According to a first aspect of the present invention, a mast that is movable in the front-rear direction of a vehicle body, drive wheels and auxiliary wheels for stabilizing the attitude of the vehicle body are provided at lower portions on both sides of the vehicle body frame. In a reach type forklift equipped with the drive wheel and the auxiliary wheel, the suspension is independently suspended, and the displacement when the mast is moved in the rearward direction is converted into a pressing drive force of the auxiliary wheel in the ground contact direction to perform a pressing drive. The gist is to have a pressing means for According to this configuration, when the mast moves to the rear of the vehicle body, the displacement thereof is converted into the pressing driving force, and the auxiliary wheels are pressed and driven in the ground contact direction.

The invention according to claim 2 is characterized in that the pressing means has means for releasing the pressing drive of the auxiliary wheel in the ground contact direction when the mast moves in the front direction. To do. According to this structure, when the mast moves in the front direction, the pressing drive of the auxiliary wheel in the ground contact direction is released.

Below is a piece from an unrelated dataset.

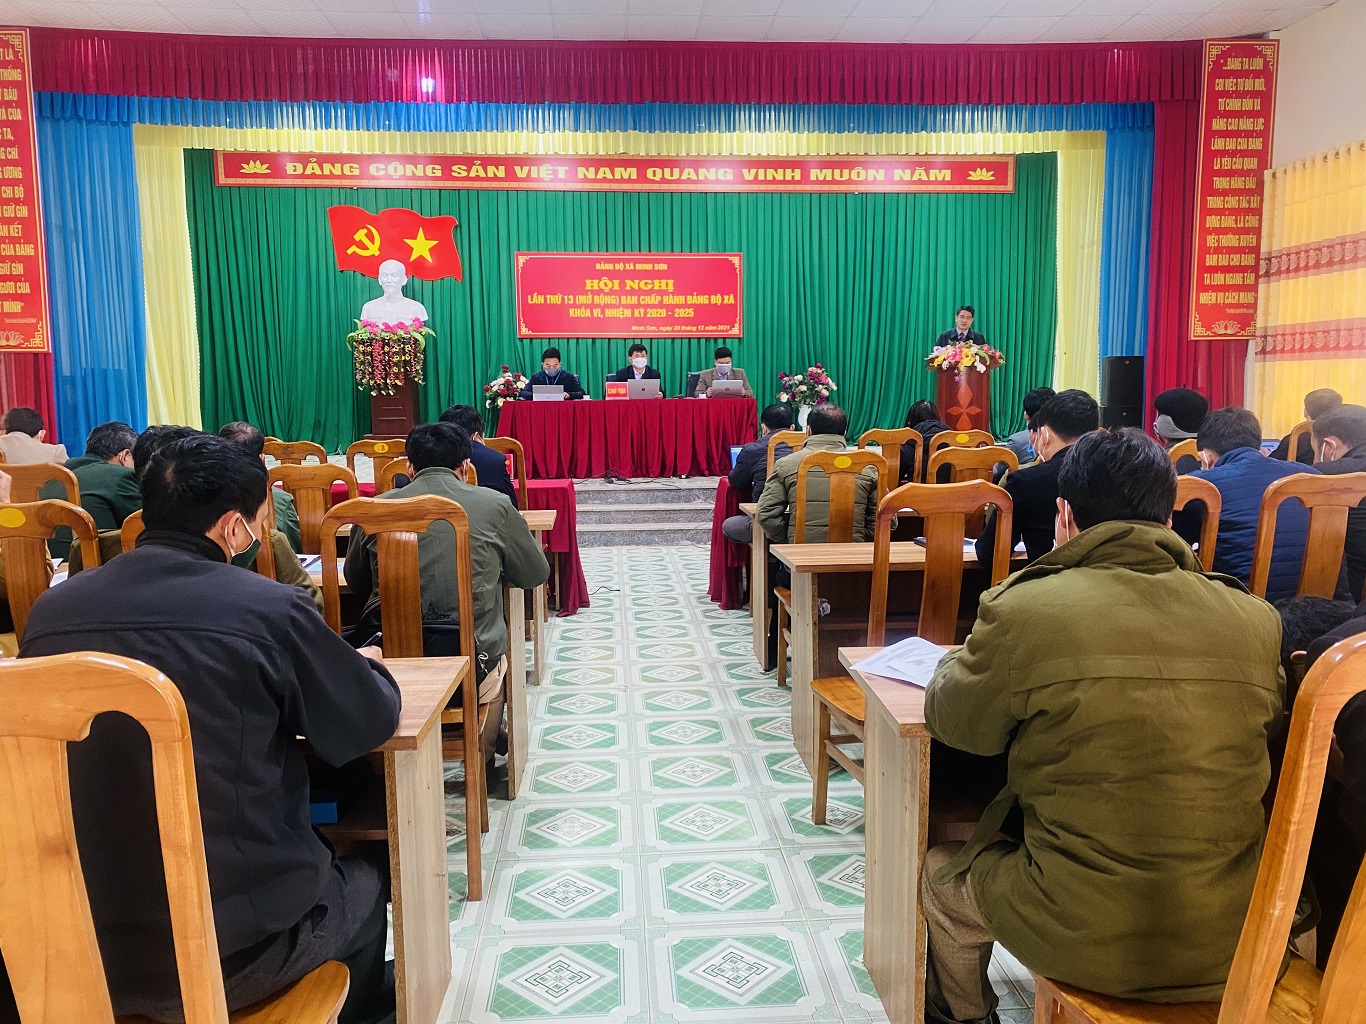 Hội nghị Ban Chấp hành Đảng bộ xã Minh Sơn lần thứ 13 khóa VI, nhiệm kỳ 2020 - 2025

A third aspect of the invention is characterized in that the pressing means has an elastic member that resists the pressing of the auxiliary wheel in the anti-grounding direction. When the auxiliary wheel is pressed in the anti-grounding direction, the elastic member resists the pressing force.

According to a fourth aspect of the present invention, the pressing means is provided on the vehicle body such that the moving member is movable in conjunction with the mast and the auxiliary wheel is movable within a certain range between the ground contact direction and the anti-ground contact direction. And a conversion drive mechanism that converts the displacement of the moving member into a driving force of the supporting member that pushes the auxiliary wheel toward the ground when the mast moves in the rearward direction and drives the conversion driving mechanism. What is being done is the summary. According to this configuration, when the mast moves in the front direction, the moving member moves in conjunction with the mast, and the displacement is converted into a driving force that presses the auxiliary wheel in the ground contact direction to drive the support member. .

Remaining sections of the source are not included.